Cad Yellow Light, PY35.1
Yellow Ochre, combination PY42, PY43
Raw Sienna, PY43
Light Red, combination PR102, PR101
Van Dyke Brown, combination PR102, PBr7
Burnt Umber, PBr7
Cerulean Blue, PB36
Ultramarine Blue Light, PB29
Ferrous Black, PBk11

And to try to determine the difference between several of the whites offered (Richeson offers four), I requested Zinc White, Titanium White (with zinc) and Ultra White (titanium, zinc – this paint was used in the last comparion).


Consistency and handling of all these samples was excellent, except for the Ultramarine Blue, which was a little loose, but still very acceptable for a transparent paint (not overly stabilized).

This second sheet shows the comparison to other brands.


Cad Yellow Light – As you can see from the “pull” at the end of the palette knife stroke, the Richeson is the loosest consistency of the three, also the weakest tinting of the three. The weaker tinting is due to the more diluted Cadmium-Barium pigment combination compared to the other two samples’ pure Cad Yellow PY35. The Blue Ridge is the thickest consistency, but the Blockx is the smoothest and highest tinting strength by a touch. Blockx is also the highest chroma of the three. Which begs the question: what is the quality/price ratio for you particular needs? Perhaps a high percent o f artists will be satisfied with the Cad-Barium choice at a much lower price – it’s worked for other brands like Grumbacher and Permanent Pigments, among others.

Yellow Ochre -- Although the Richeson choice to combine both synthetic and natural yellow ochre pigments might seem odd, it is an interesting placement color-wise, right between the two and incorporating the best of both worlds. Shown with the Richeson is L&B’s beautiful natural Yellow Ochre Light (slightly darker and more orange) and Blockx’s impressive synthetic (slightly lighter and more yellow) – the Richeson is right in the middle with excellent performance.

Raw Sienna – Richeson has gone with a natural earth here, slightly on the red side. I’ve compared it with two other natural Raw Siennas from L&B (L&B is often overlooked by buyers and highly underrated for its natural earths, in addition to its synthetic earths, both of which are excellent) and Vasari. Vasari is my favorite version of Raw Sienna, but both these others acquit themselves well against it with their own subtleties. A note on consistency – we’ve been having a debate on consistency and handling on another thread regarding Natural Pigment’s Rublev historic paints http://www.wetcanvas.com/forums/showthread.php?t=622061, and I wanted to point out the differences in consistency here: The Richeson and L&B are about the same, what I consider near-perfect consistency. The Vasari is soupier, more like slurry, as evidenced by the long draping “tail” at the end of the pull from the palette knife. Despite that oil-richness, Vasari still manages to have the highest covering power and tinting strength of the three.

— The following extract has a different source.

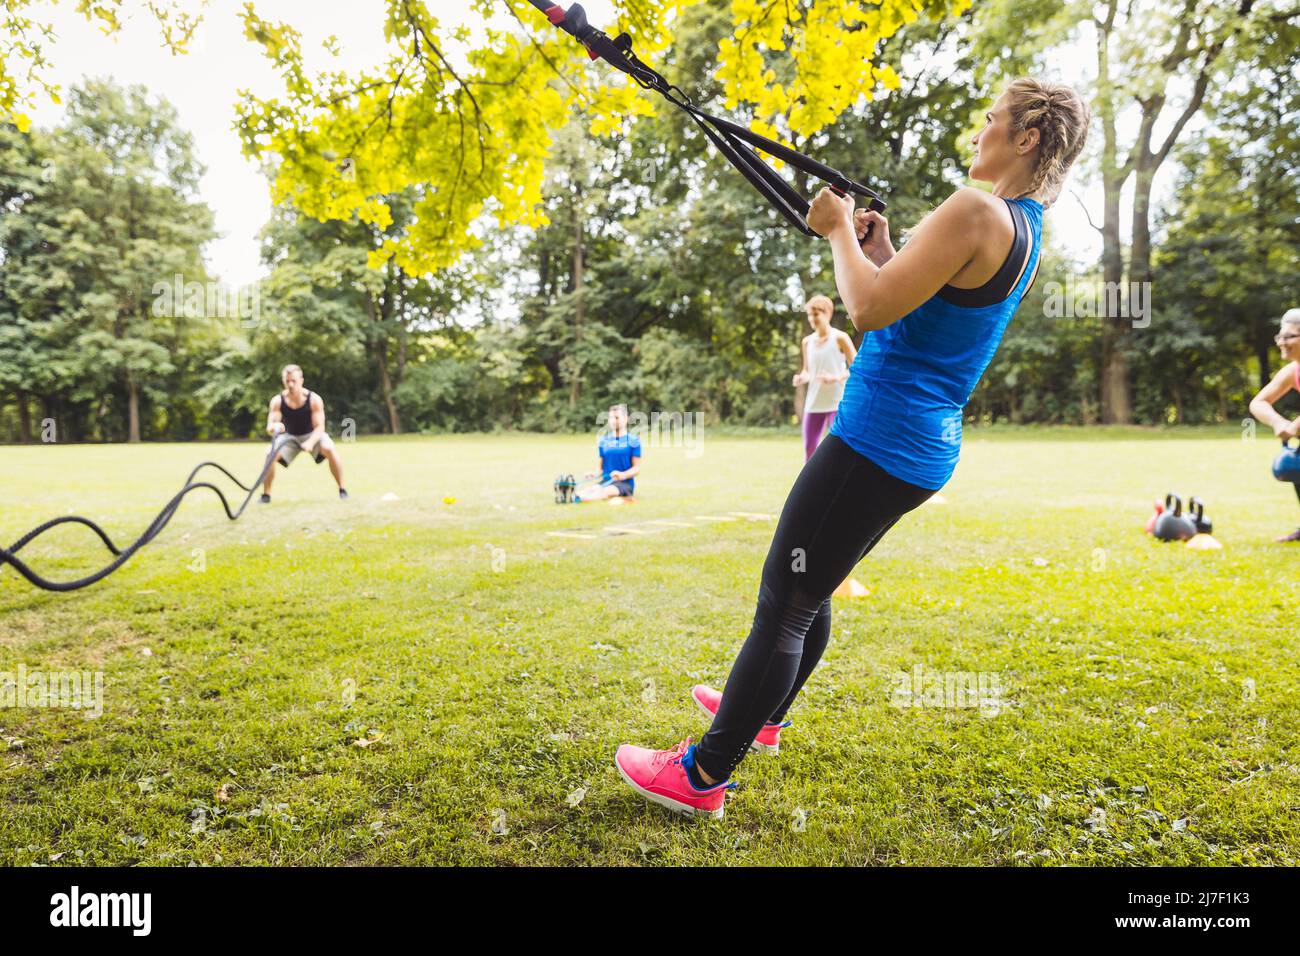 Young woman working out with elastic band in park Stock Photo

Light Red – This Richeson version would be better labeled as Indian Red, than Light Red. When most of us think of Light Red, we imagine something like Blockx version (not shown here), which is a light red oxide, a step lighter than natural Venetian Red. I’ve placed this Richeson version up against Old Holland’s Persian (Indian) Red, and you can see they are almost the same, with the OH slightly more purple looking. Mussini’s Pozzuoli Red is also shown. The Richeson Light Red has excellent handling and super tinting strength.


Burnt Umber – Richeson is very similar in color and strength to Mussini’s version (Richeson may even be a touch stronger). My favorite from OH shows a much richer chroma than the other two, more to my liking and expectation of what Burnt Umber should look like. I’ve found this is pretty typical of this pigment – two distinct types – one being more colorful and the other type more neutral.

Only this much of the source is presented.